Когда — после, спустя много времени — Сергей вспоминал все, что произошло между ним и товарищем, приехавшим на другой день для окончательных переговоров, ему всегда казалось, что все это вышло «как-то не так» и что тут произошла какая-то ошибка. Какая — он сам не мог определить. Но несомненным было одно: что причина этой ошибки лежит не в нем — Сергее, и не в товарище Валерьяне, а там — за пределами доступного ясному и подробному анализу. Как будто обоим стало тяжело друг перед другом не за свое личное отношение к себе и людям, а за то огромное и слепое, имя которому — Жизнь и которое ревниво охраняло каждого из них от простого и спокойного понимания чужой души. Сознавать это было тяжело и неприятно еще потому, что и в будущем могло повториться то же самое и снова оставить в душе след больной тяжести и бьющей тоски.

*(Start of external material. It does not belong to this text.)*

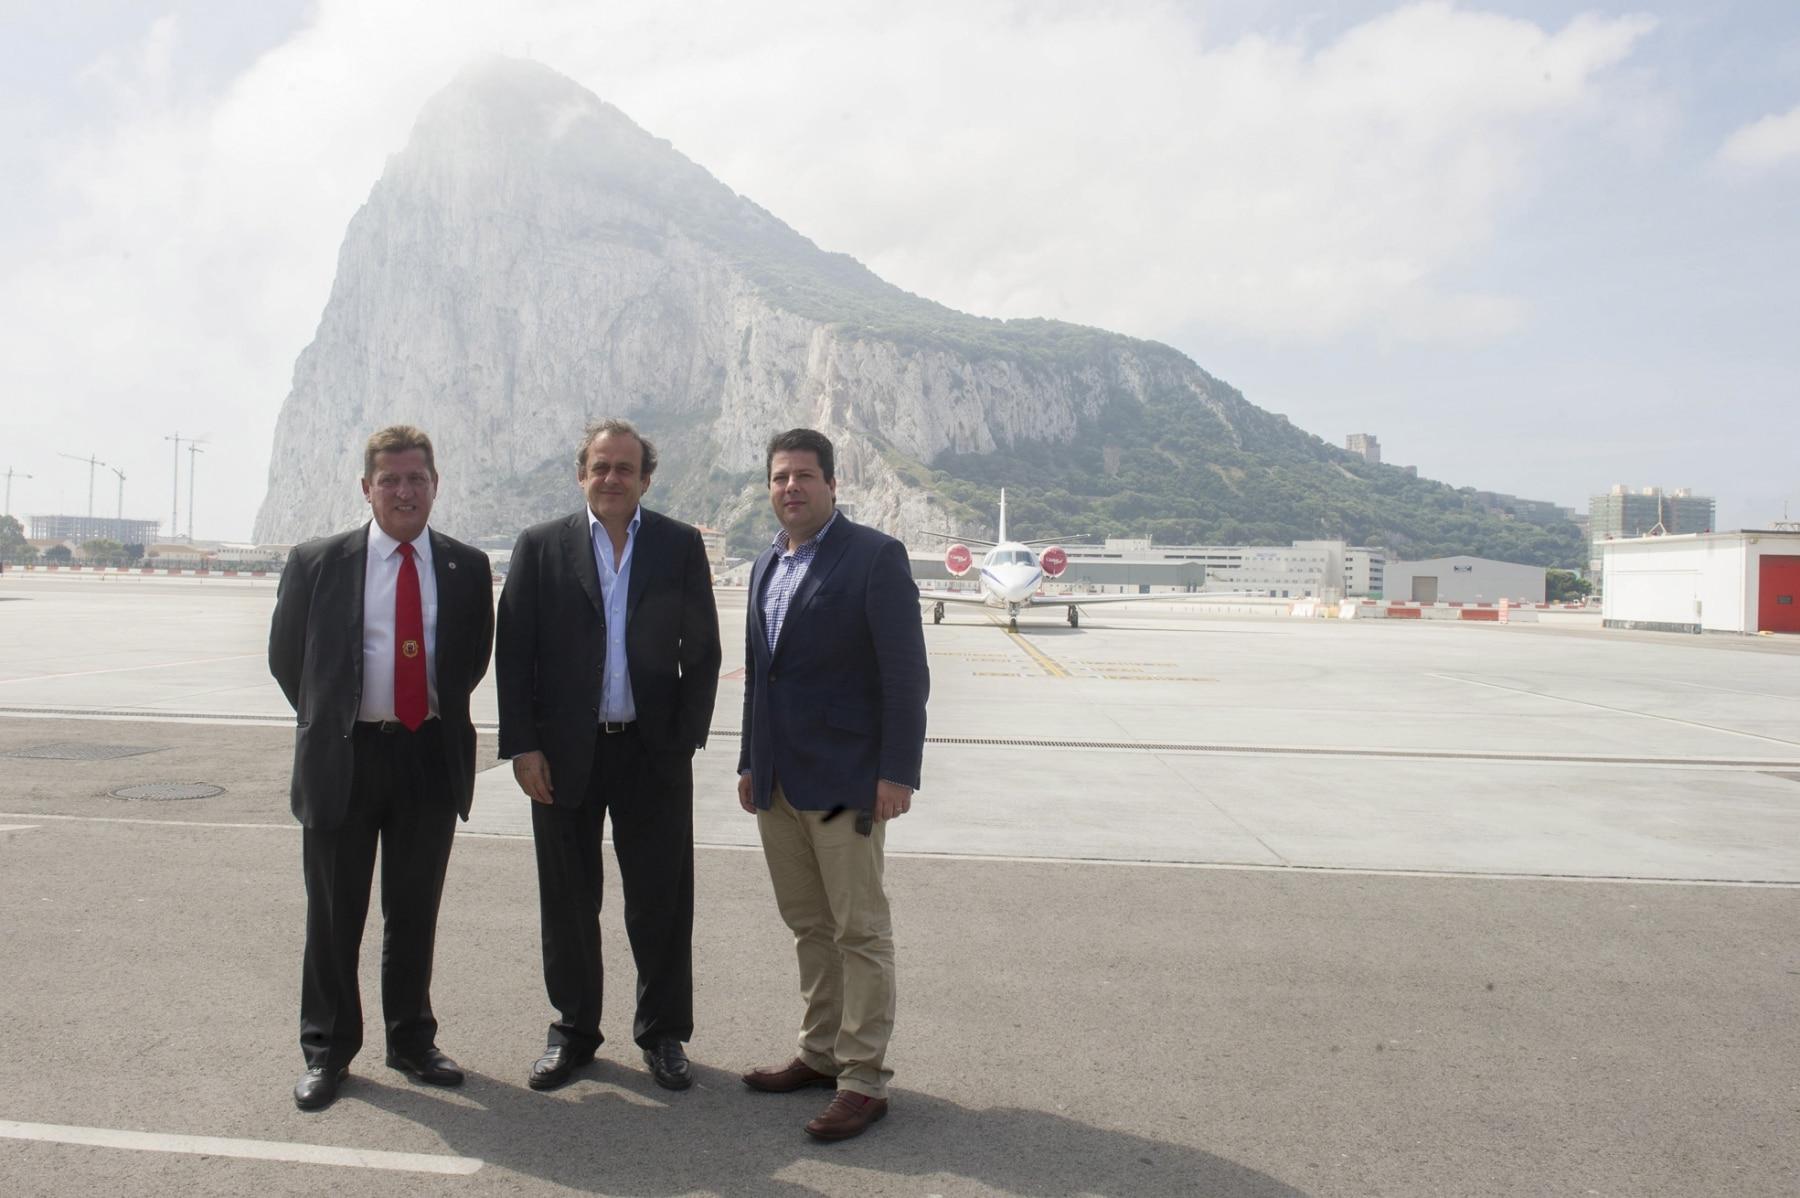 visita-platini-gibraltar-rock-cup-2014-01_14153904724_o

Сергей не знал, что приедет именно Валерьян. Когда на другой день утром вертлявый, смуглый и крикливый революционер шумно ворвался в комнату и начал тискать и целовать его, еще сонного и подавленного предстоящим, — Сергей сразу почувствовал, что объяснение будет тяжелое и злое. Столько было уверенности в себе и в своем знании людей в резких, порывистых движениях маленького кипучего человека, что в первое мгновение показалось невозможным сознательно отступить там, где давно было принято ясно и твердо выраженное решение. А потом сразу поднялось холодное, твердое упрямство отчаяния и стало свободнее двигаться и легче дышать.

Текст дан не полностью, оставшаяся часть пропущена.